The SEC has asked Swiss authorities for assistance in identifying the traders. The Swiss Financial Market Supervisory Authority will cooperate with the SEC’s request “within the framework of our mandate,” Christina Buergi, a spokeswoman for the authority, said in a phone interview. Buergi said the request had been made “recently” and declined to comment further.
The Federal Bureau of Investigation in New York said this week that it’s also investigating the matter and is working with the SEC.
The SEC wants the assets frozen until the case is resolved because there is a “serious risk that the substantial proceeds from the defendants’ trading will leave the jurisdiction of the U.S. courts in the next few days and may never be recovered,” according to a court filing.

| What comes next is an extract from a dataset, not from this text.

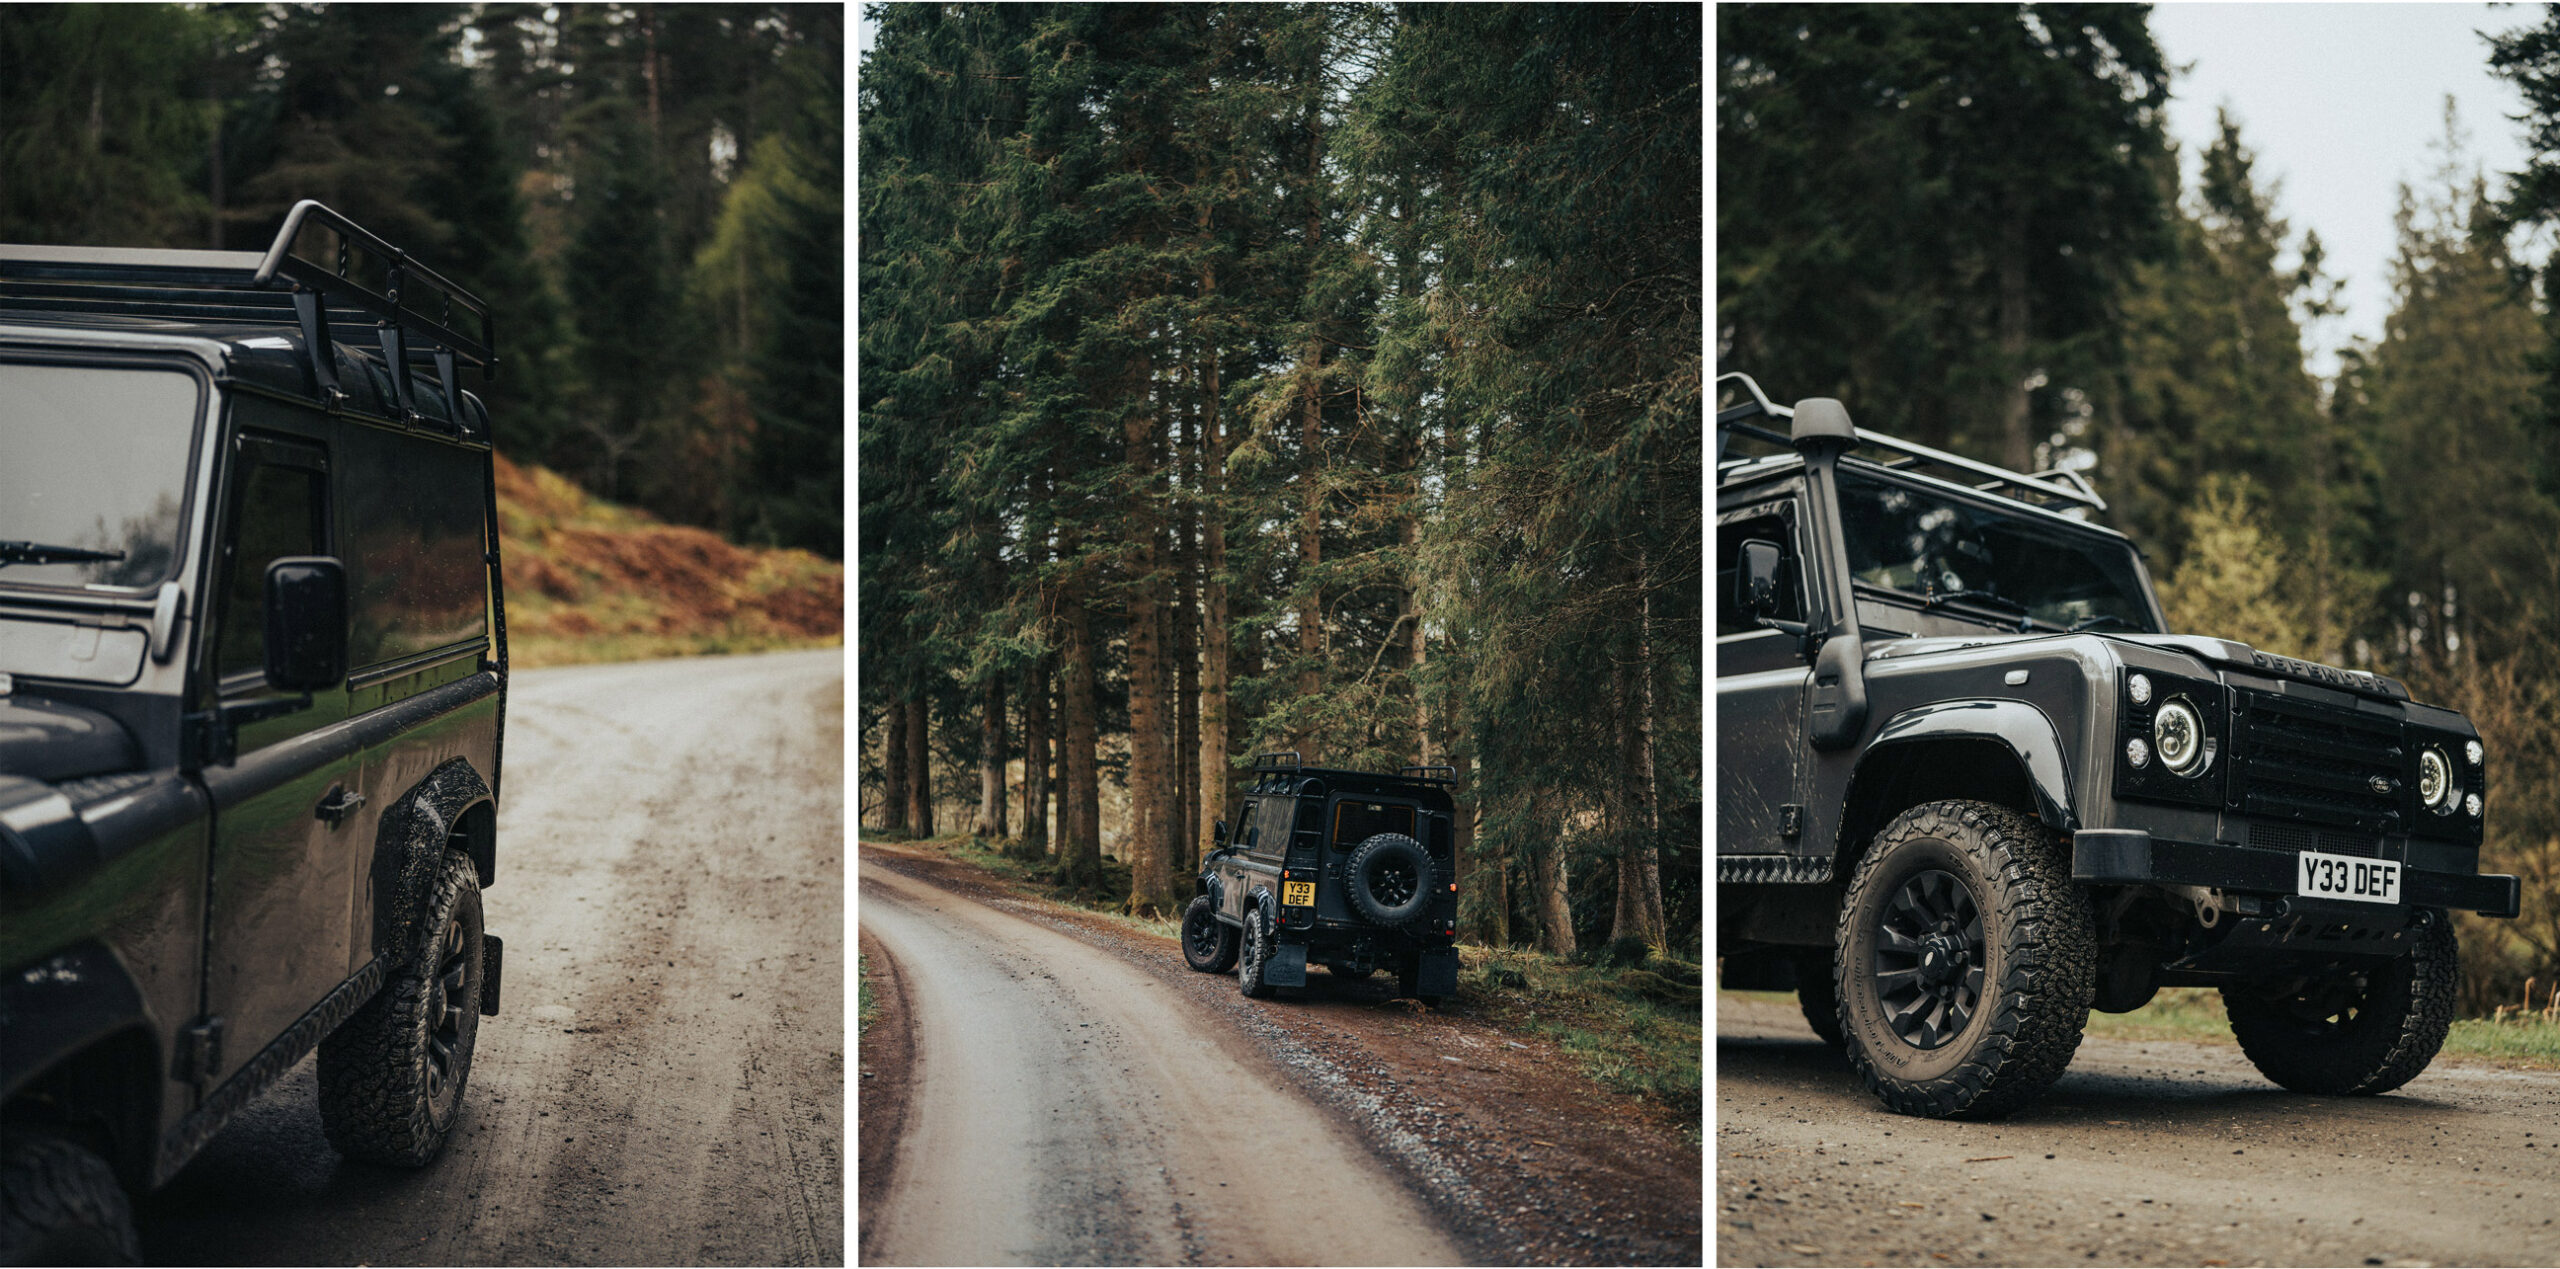 2001 Land Rover defender 90 parked on a forest road in Scotland

The SEC said the Heinz case is similar to other insider-trading cases in which the agency has obtained a preliminary asset freeze based on “circumstantial evidence.” The commission said federal judges in New York as well as the Manhattan-based U.S. Court of Appeals have upheld the legality of its actions.
The SEC has been increasing its focus on insider trading by overseas buyers of U.S.-traded securities. As of December, the agency had filed three times as many emergency asset-freeze requests in such cases since 2010 as in the prior two years. The regulator cited suspect trading patterns, typically before mergers or other market-moving news.
One SEC case involved another deal connected to 3G Capital. In November, a Brazilian ex-banker and his firm agreed to pay $5.1 million to settle SEC claims that he made illegal trades ahead of 3G’s 2010 acquisition of Burger King Holdings Inc.
Igor Cornelsen learned about the impending merger from a Wells Fargo & Co. broker, whose client had invested with 3G and knew about the acquisition, the SEC alleged.
Neither 3G nor any of its employees has been accused of wrongdoing in the Heinz matter.
Sometimes the accountholders do come forward. Last year, the SEC filed a suit in federal court in Manhattan seeking to freeze proceeds of the trades in Carlyss, Louisiana-based Global Industries.
The SEC said the unidentified owners of an account at Vienna-based Raiffeisen Bank International AG bought 685,840 shares of Global Industries days before a Sept. 12, 2011, announcement that the company would be acquired by Technip SA, Europe’s second-largest oil services business.
The account earned $1.7 million when shares were sold after the deal was announced, according to the SEC. The agency said it didn’t know who owned the account when it filed the lawsuit.
About 10 months after the SEC won a judge’s order freezing the funds, Ergoport Experts Ltd. responded to the SEC’s lawsuit, identifying itself in court papers as a unit of an entity called Interhold Ltd. Ergoport, which according to Robert Heim, a lawyer for the company in New York, managed at least $40 million, said it made the trades, denied acting on inside tips and continues to seek to recover the $5.3 million.
A federal judge in Manhattan agreed to stay the SEC’s case pending a criminal insider-trading probe by Brooklyn, New York, U.S. Attorney Loretta Lynch.
The case is U.S. Securities and Exchange Commission v. Certain Unknown Traders in Securities of H.J. Heinz Co., 13-cv-1080, U.S. District Court, Southern District of New York (Manhattan).